Question

Capacitor of capacitance 10 micro farad is fully charged by 200V supply . The energy stored in the capacitor is

Answer 1

Given ,

Capacitance (C) = 10 µf or 10^(-5) f

Potential difference (v) = 200 v

We know that , the energy stored in a capacitor is given by

$\boxed{ \tt{Energy \: (U) = \frac{1}{2} {(v)}^{2}C}}$

Thus ,

$\tt : \mapsto U = \frac{1}{2} \times {(200)}^{2} \times {(10)}^{ - 5}$

$\tt : \mapsto U = \frac{40000 \times {(10)}^{ - 5} }{2}$

$\tt : \mapsto U =2 \times {(10)}^{ - 1}$

$\tt: \mapsto U =0.2 \: joule$

★ The energy stored in a capacitor is 0.2 J

Answer 2

Answer:

A capacitor of capacitance 10 microfarad is fully charged by a 200V supply.

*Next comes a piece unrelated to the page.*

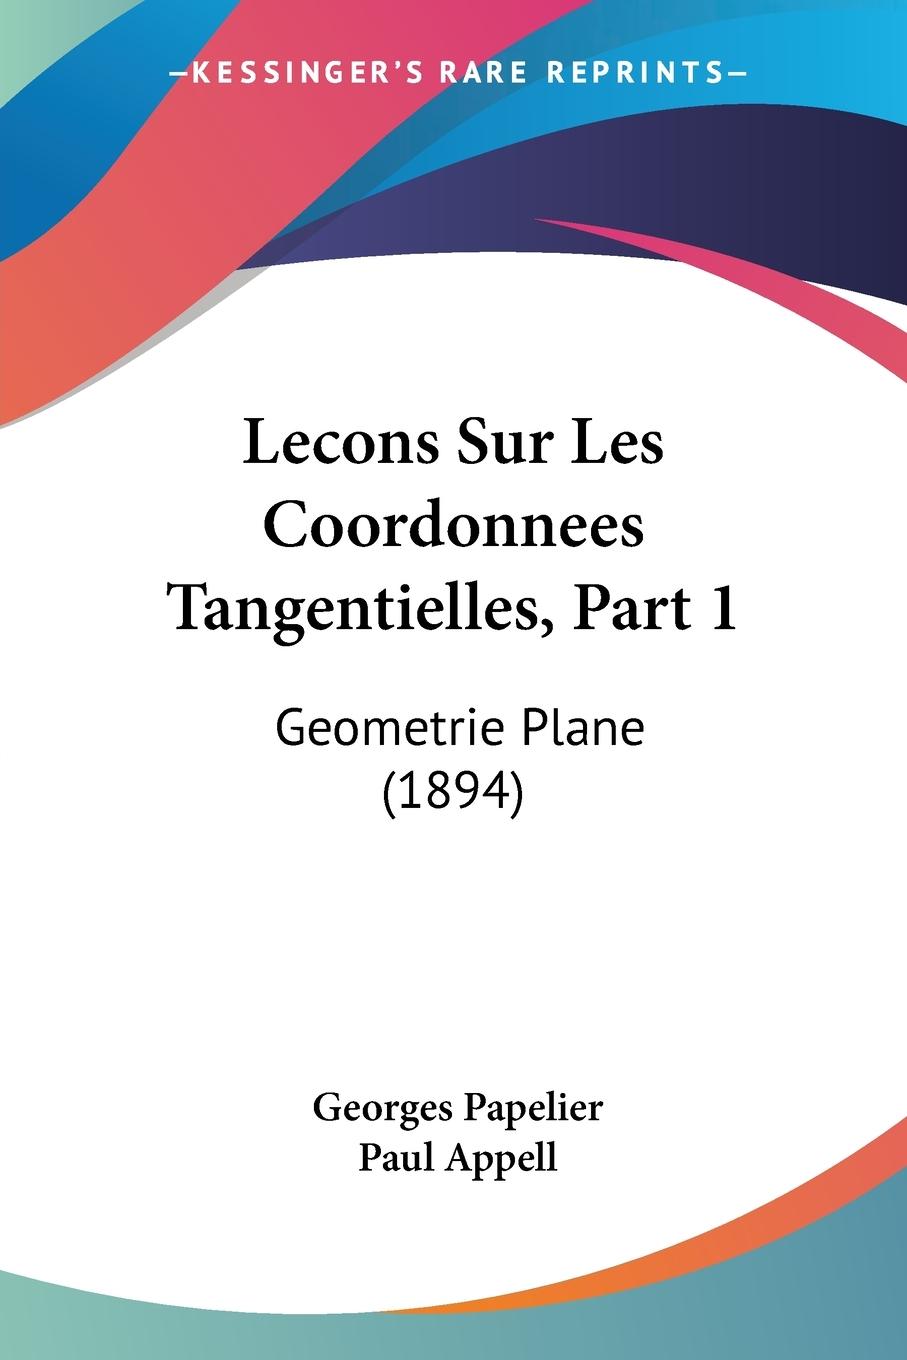 Lecons Sur Les Coordonnees Tangentielles, Part 1 - Papelier, Georges

The energy stored in the capacitor is $0.2\ J$

Explanation:

• Let us consider a capacitor of capacitance C and with a potential difference between the capacitor plates V.
• The work done in charging a capacitor is stored as electric potential energy.

• Electric potential energy (E) stored in the capacitor   can be expressed as,

            $E=\frac{1}{2} C V^{2}$    ...(1)

In the question, it is given that,

$V= 200\ V$

$C =10\ \mu F = 10\times10^{-6} F$

Substitute these  values into equation (1)

We get,

$E=\frac{1}{2}\times 10\times10^{-6} \times 200^{2} = 0.2 \ J$

Thus,

The energy stored between the plates of the capacitor  will be   $0.2\ J$